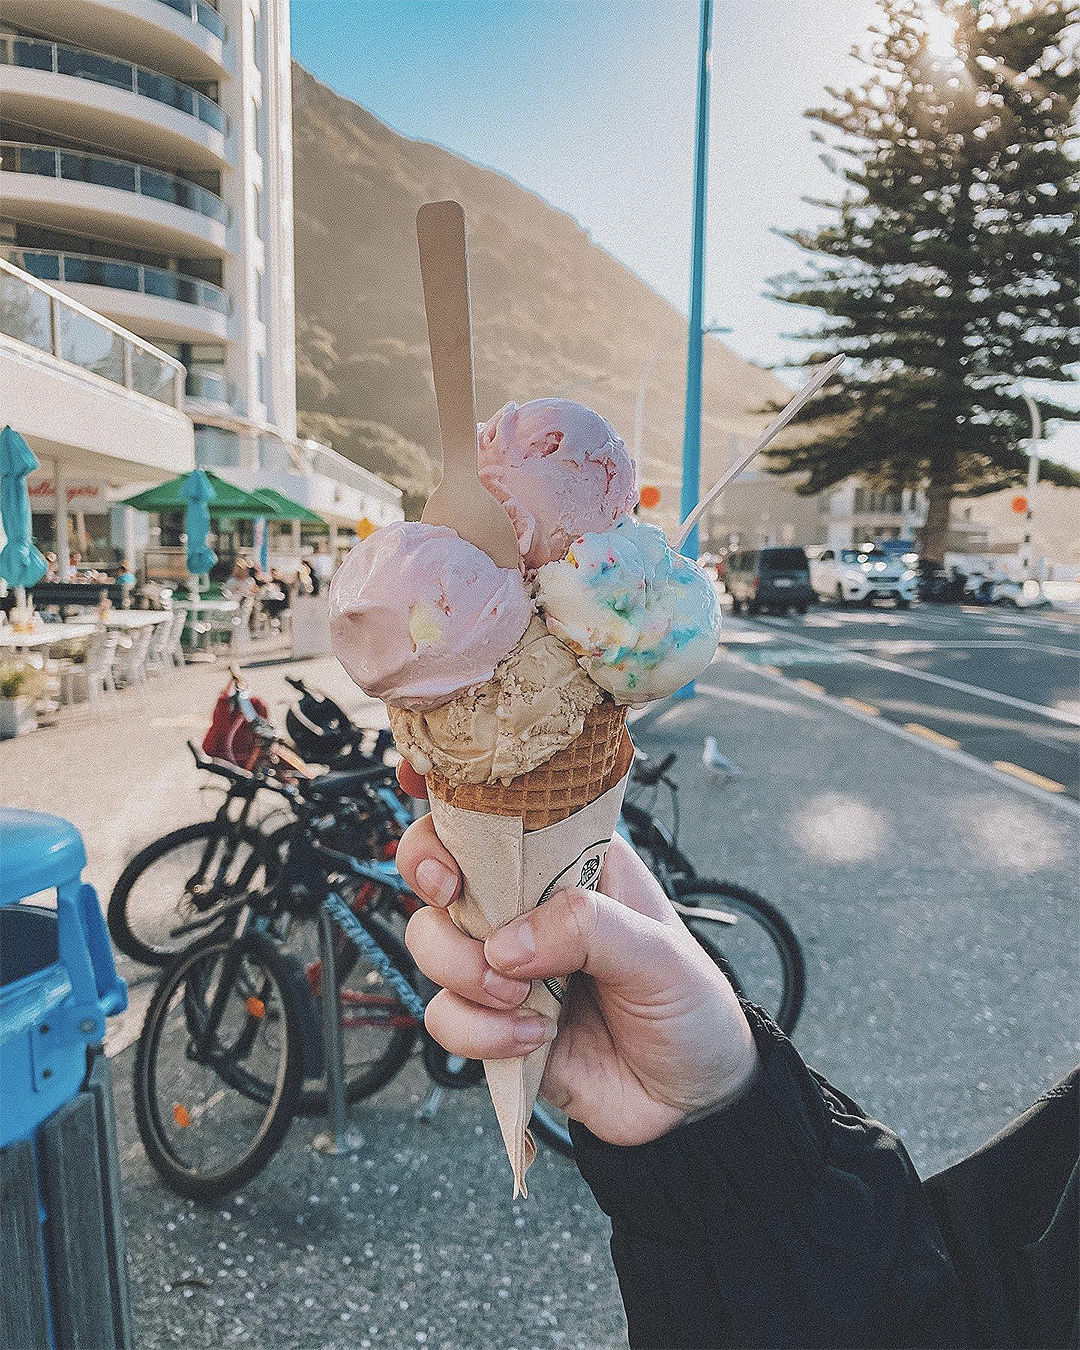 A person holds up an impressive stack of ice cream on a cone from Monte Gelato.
--
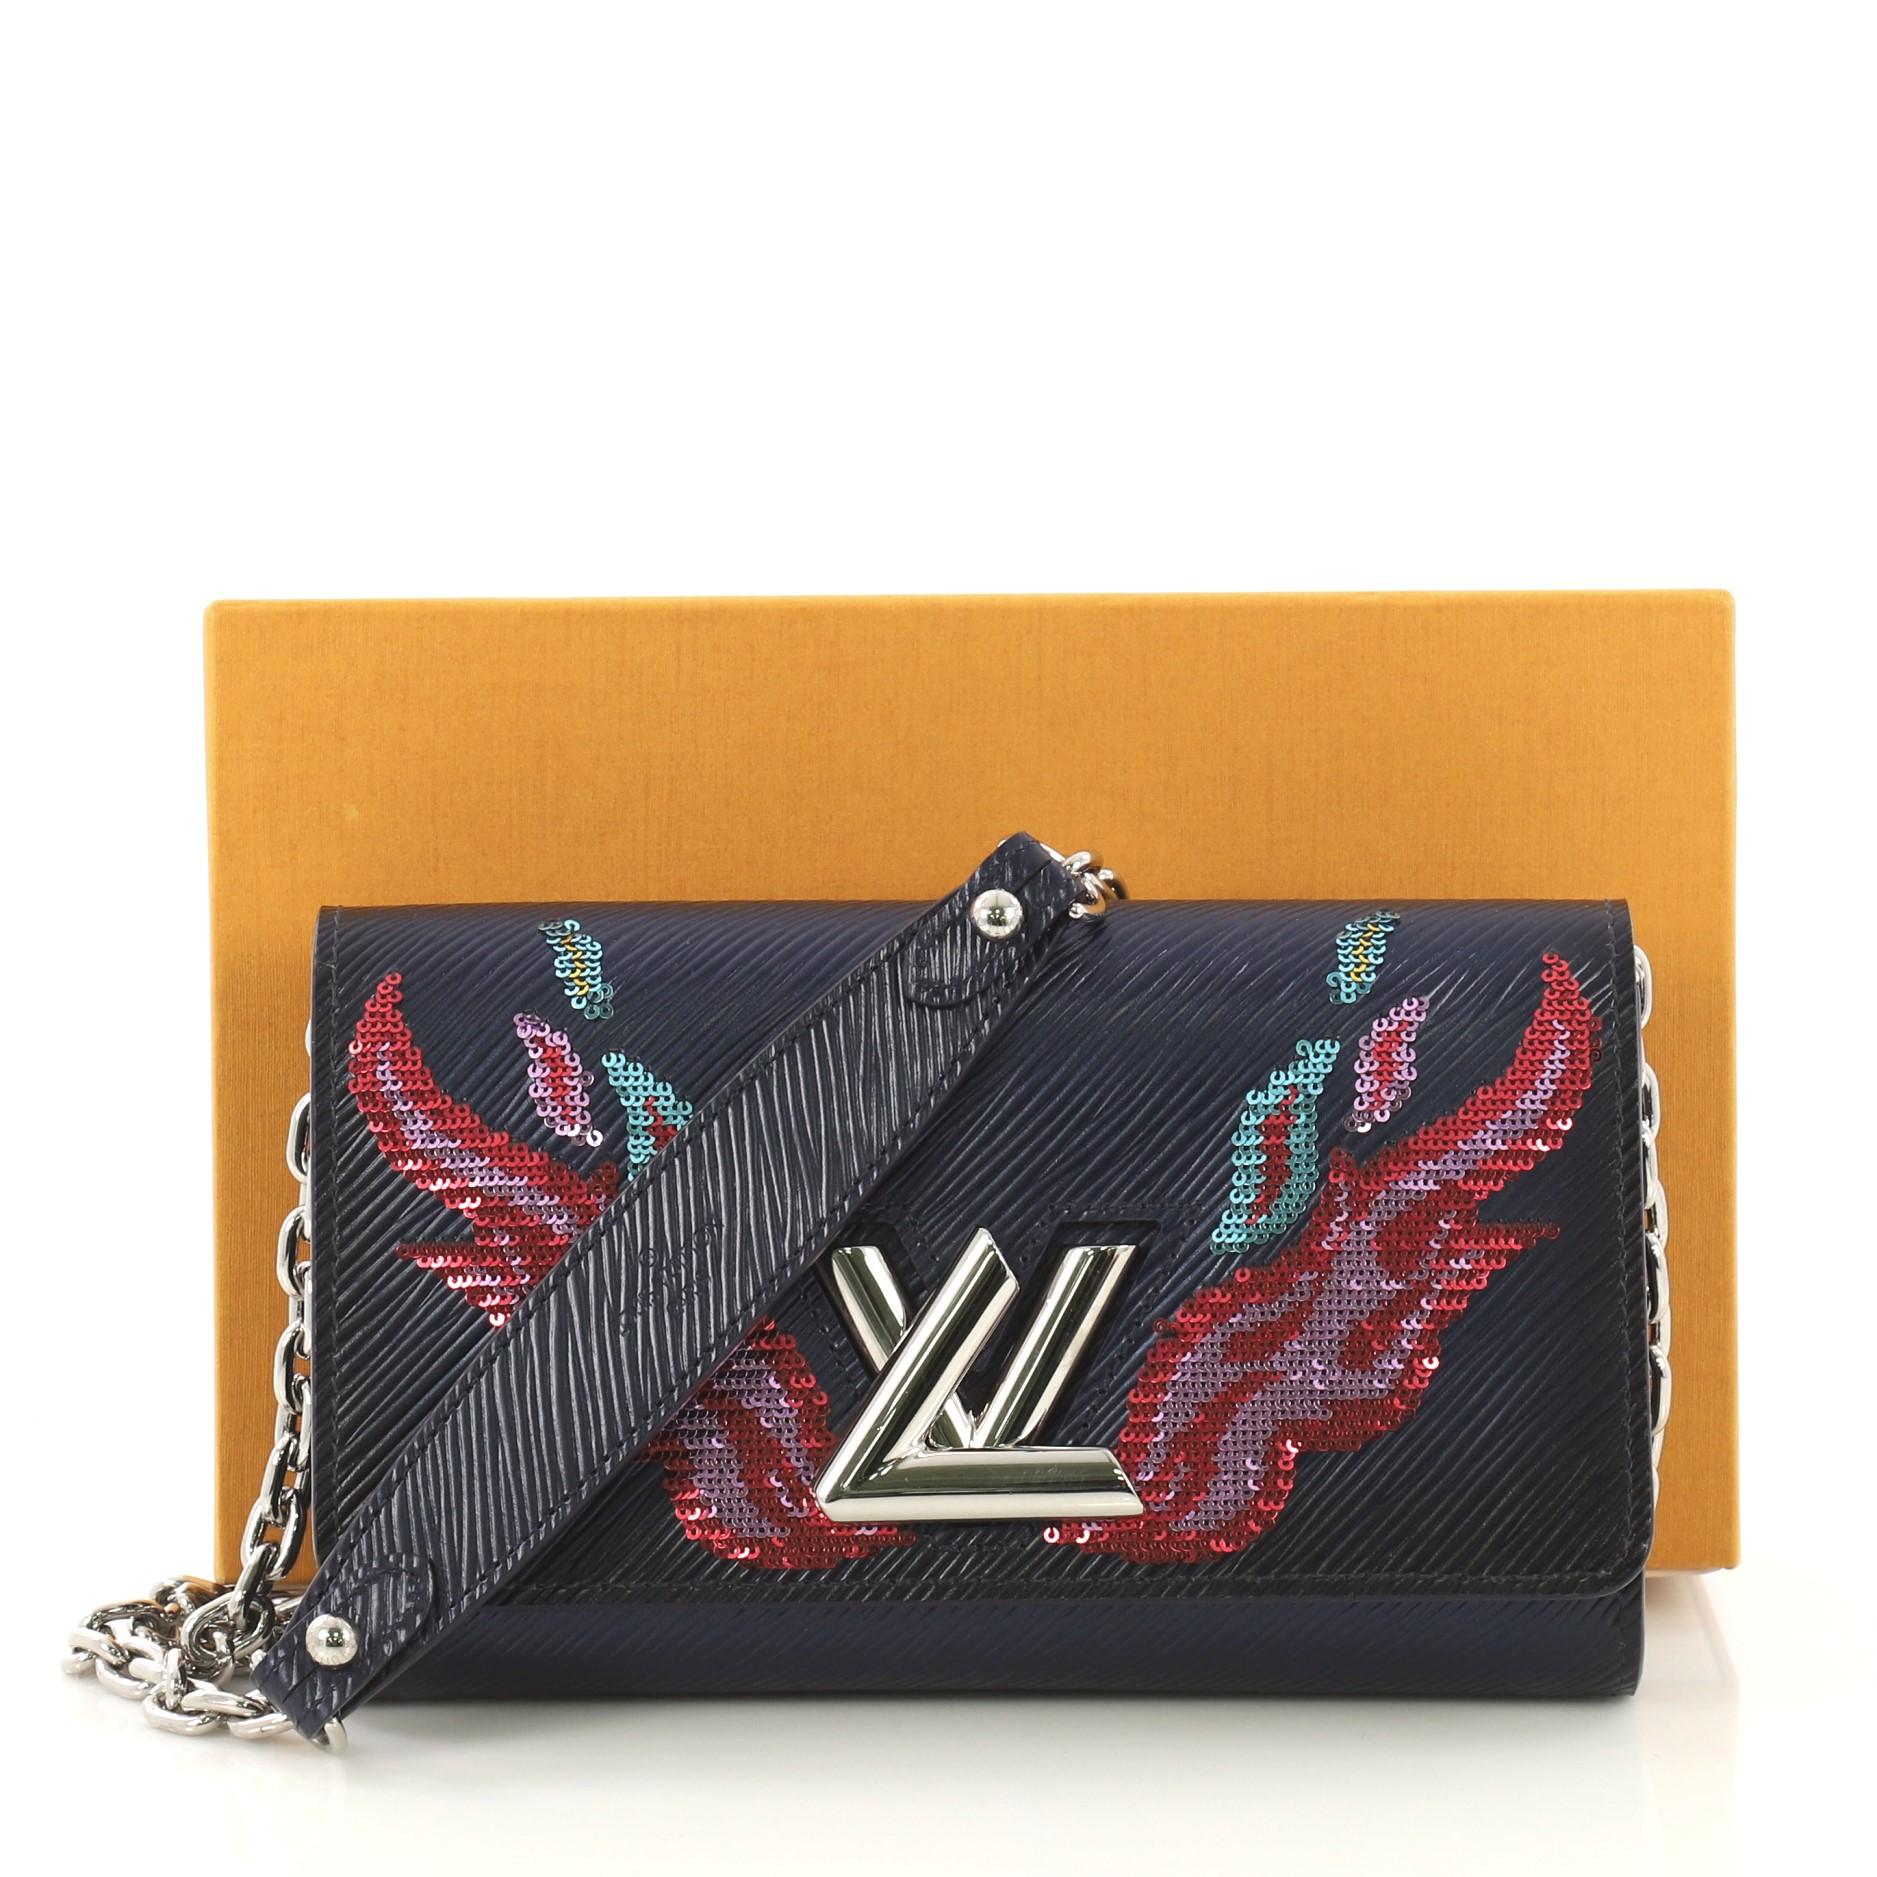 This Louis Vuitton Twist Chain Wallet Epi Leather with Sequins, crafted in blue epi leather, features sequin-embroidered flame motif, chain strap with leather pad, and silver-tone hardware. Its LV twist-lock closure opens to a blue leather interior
---
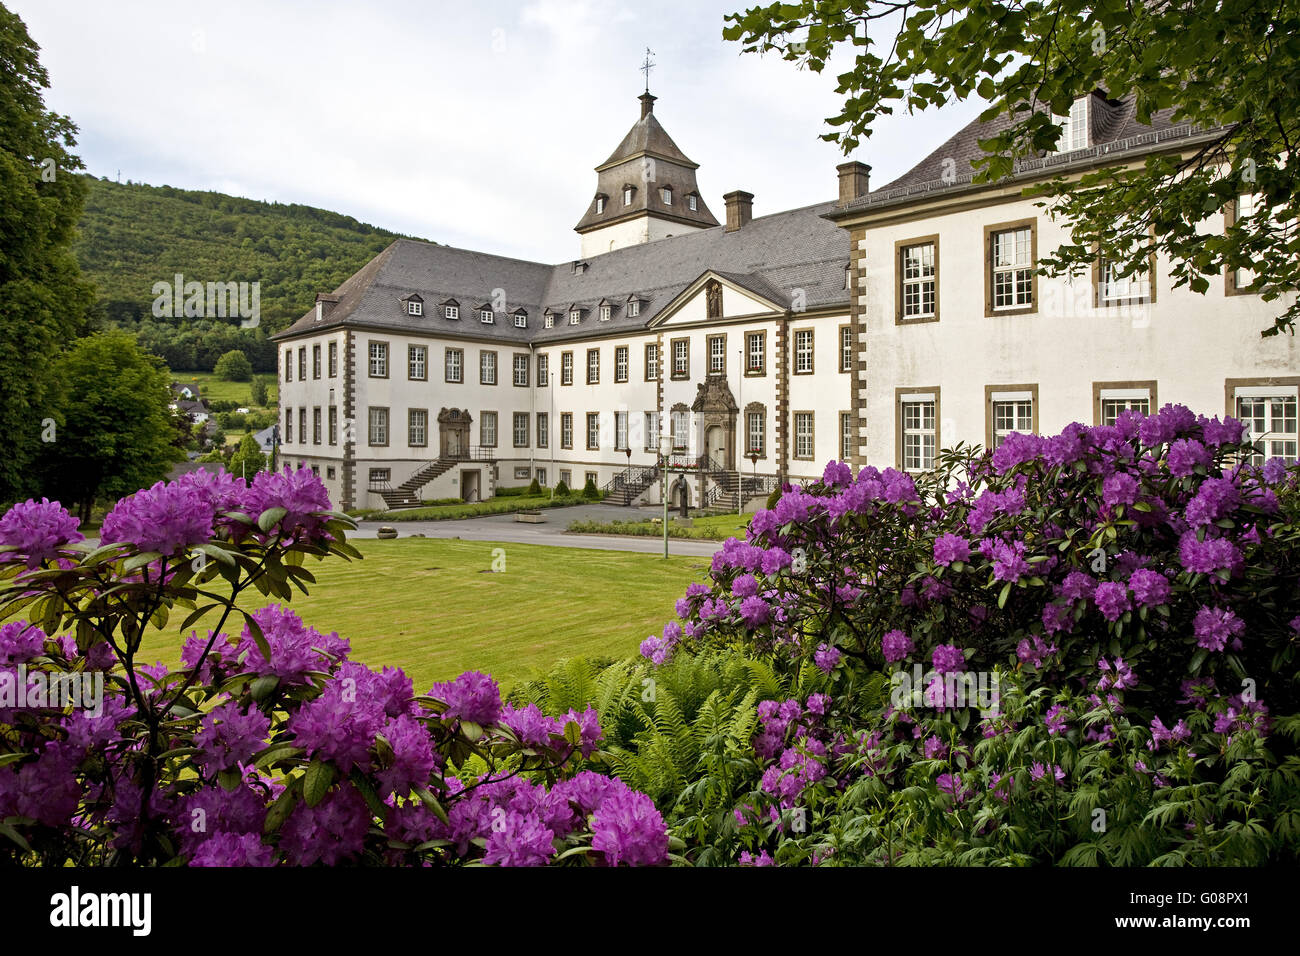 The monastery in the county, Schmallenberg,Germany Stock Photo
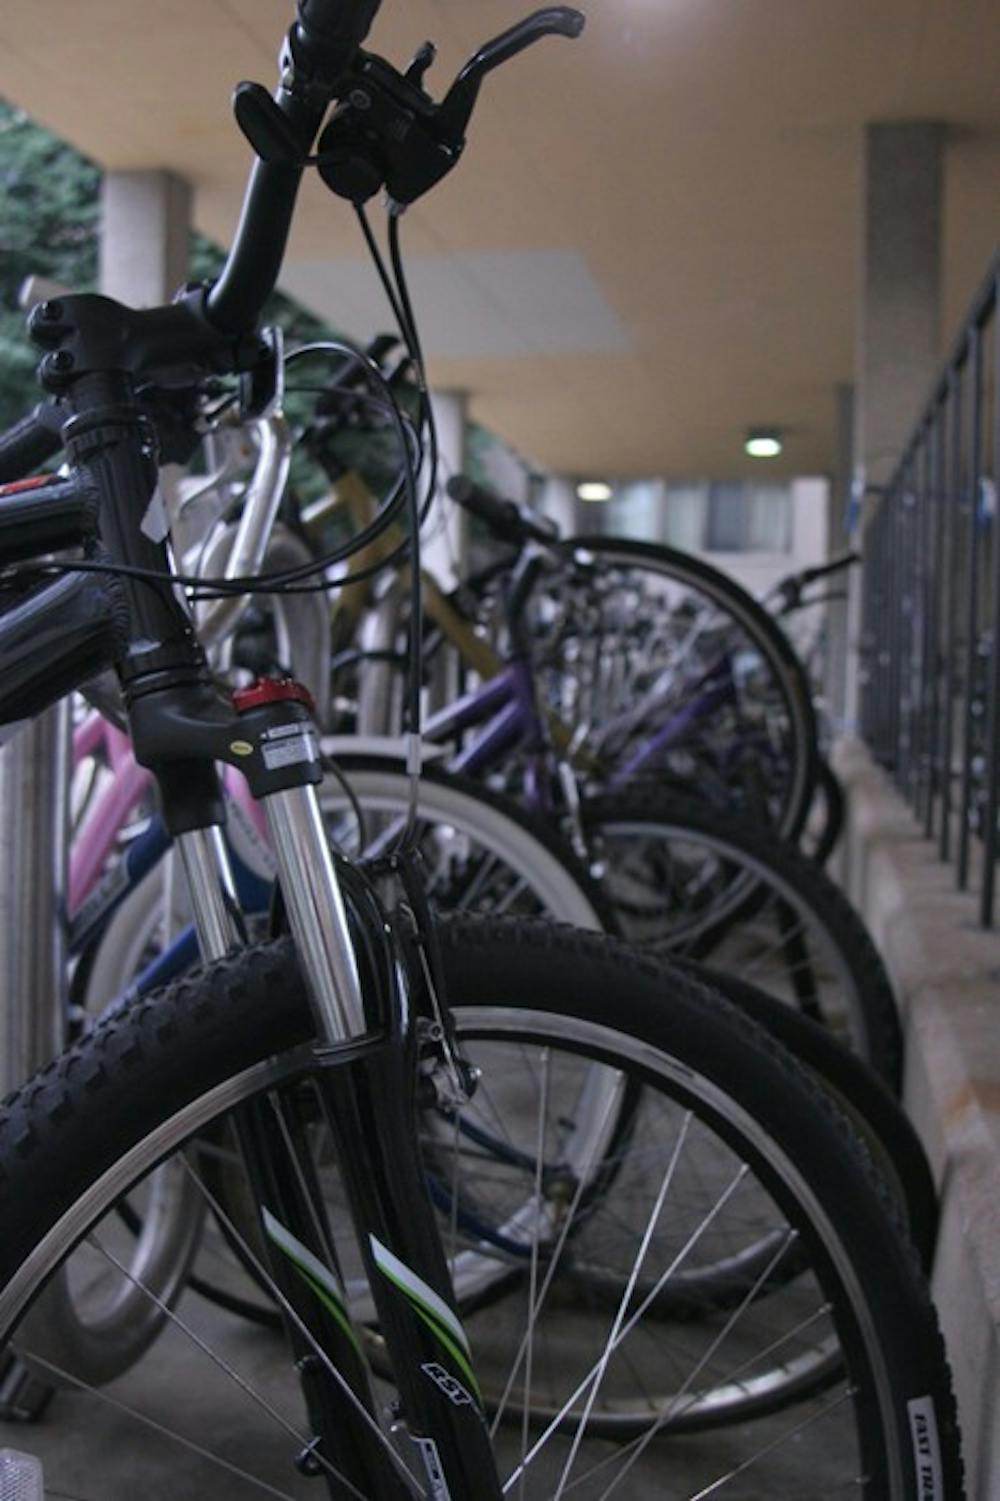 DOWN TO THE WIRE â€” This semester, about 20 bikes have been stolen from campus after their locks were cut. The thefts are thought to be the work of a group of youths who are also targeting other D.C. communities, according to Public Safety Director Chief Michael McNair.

• _TASK STATEMENT_:
Nothing except the lines from the one containing "The monastery in" through the one containing "DOWN TO THE" should appear in the answer, exactly as above and without pictures.

• _FINISHED TASK_:
 The monastery in the county, Schmallenberg,Germany Stock Photo
 DOWN TO THE WIRE â€” This semester, about 20 bikes have been stolen from campus after their locks were cut. The thefts are thought to be the work of a group of youths who are also targeting other D.C. communities, according to Public Safety Director Chief Michael McNair.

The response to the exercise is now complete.